How to Scrape Tweets From Twitter on Towards Data Science

A quick introduction to two options for scraping tweets from Twitter using Python

Browser scraping snippets

Tips for using browser scraping tools to get data as an alternative to using Tweepy and Twitter API, should you need it.

See Browser scraping tools for links.

Get replies

The library used here works well for small volumes but it had issues which might be bugs in the library such as not getting more than a small amount of replies and repeating replies.

Install

Preferably inside a new virtual environment. e.g.

$ python3 -m venv venv
$ source venv/bin/activate

Install tweet_scrapper.

pip install tweetscrape

The shell CLI does not support getting a thread of replies ("conversations" in the project), but we can use the Python code. Here is an example based on the repo's example, getting the threaded tweets on this tweet: ewarren/status/1146132929065738246.

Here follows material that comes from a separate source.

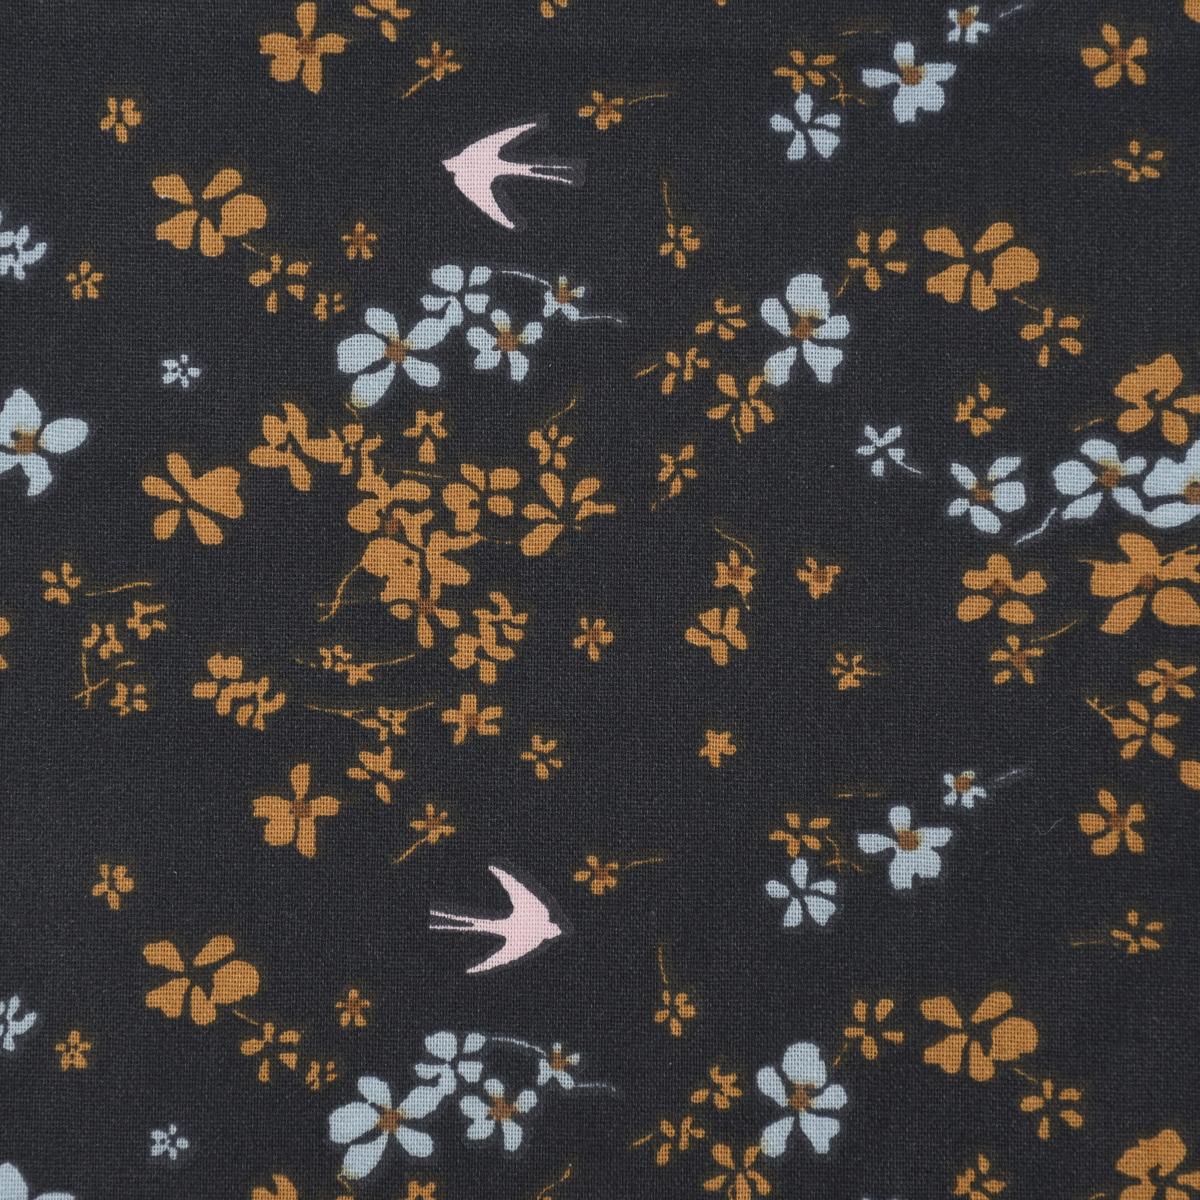 Baumwollstoff SHIMA Blumen Schwalben dunkelgrau hellblau ocker 1,50m Breite

from tweetscrape.conversation_tweets import TweetScrapperConversation


tweets = TweetScrapperConversation(
    username="ewarren",
    parent_tweet_id=1146415363460141057,
    num_tweets=40,
    tweet_dump_path='twitter_conv.csv',
    tweet_dump_format='csv'
)
tweet_count, last_tweet_id, last_tweet_time, dump_path = tweets.get_thread_tweets(True)

print(tweet_count)

Sample data from the first row in the CSV (shown vertically for readability).

Field	Value
`id`	`1146416291848359937`
`type`	`tweet`
`time`	`1562161918000`
`author`	`YaronFishman`
`author_id`	`1142627097397145600`
`re_tweeter`
`associated_tweet`	`1146415363460141057`
`text`	`Why does this exclude @marwilliamson?`
`links`	`[]`
`hashtags`	`[]`
`mentions`	`['@marwilliamson']`
`reply_count`	`7`
`favorite_count`	`23`
`retweet_count`	`1`

Get replies on many tweets

If you need to repeat that for multiple tweets, you could do something like the following:

from tweetscrape.conversation_tweets import TweetScrapperConversation


targets = [
    {"username": "foo", "tweet_id": 123},
    {"username": "bar", "tweet_id": 456},
    # ...,
]
path = 'twitter_conv.csv'

for target in targets:
    print(target["username"], target["tweet_id"])

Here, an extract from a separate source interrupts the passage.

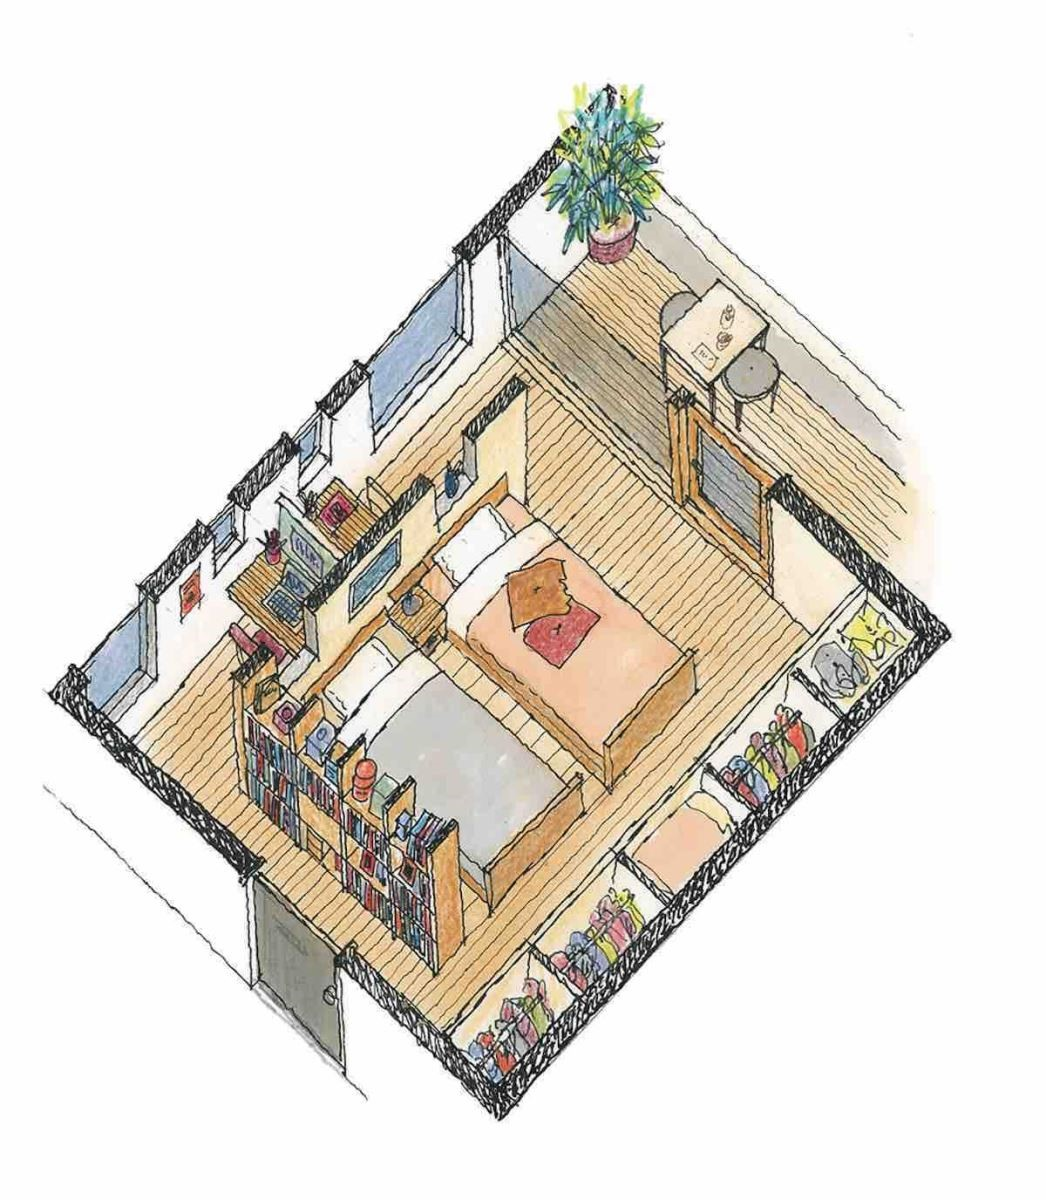 劃分出書房區的寢室-等角透視圖 圖片提供_漂亮家居麥浩斯

    tweets = TweetScrapperConversation(
        username=target["username"],
        parent_tweet_id=target["tweet_id"],
        num_tweets=1000,
        tweet_dump_path=path,
        tweet_dump_format='csv'
    )

    tweet_count, _, _, _ = tweets.get_thread_tweets(save_output=True)
    print(tweet_count)

Terms of use

Please read this section to ensure you understand conditions for use of this guide and what policies to follow.

See the Twitter Policies page for use of Twitter. Read on below for terms of use for this guide.

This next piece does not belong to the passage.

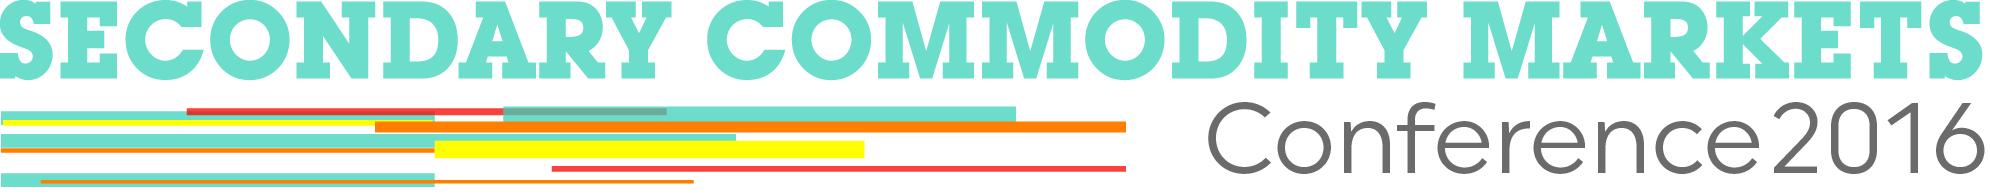 Secondary Commodity Markets 2016 logo

Note that Tweepy and Twitter API are subject to change, so this guide may not always be up to date or work with newer versions. If anything is inaccurate or not up to date, see the contributing guide in the repo and a submit a Pull Request.

While a best effort is made to keep this guide accurate and reflect the APIs and policies at the current time, this guide only provides recommendations and some useful info.

This guide comes with no warranty or guarantee.

You are responsible for ensuring that you use Twitter and the API fairly and that you understand how it works. By using this guide, you take responsibility for your own actions and do not hold the contributors to this guide responsible.

Scraping a website or API is generally legal. Just make sure you are not abusing the servers, breaking Twitter's policies, trying to build a copy of Twitter or trying to sell the scraped data. I've seen services that sell Twitter data but I don't know if they are legal.

Note that there are limitations on how you present the data - you can provide details like tweet messages on your website but not the tweet IDs as well.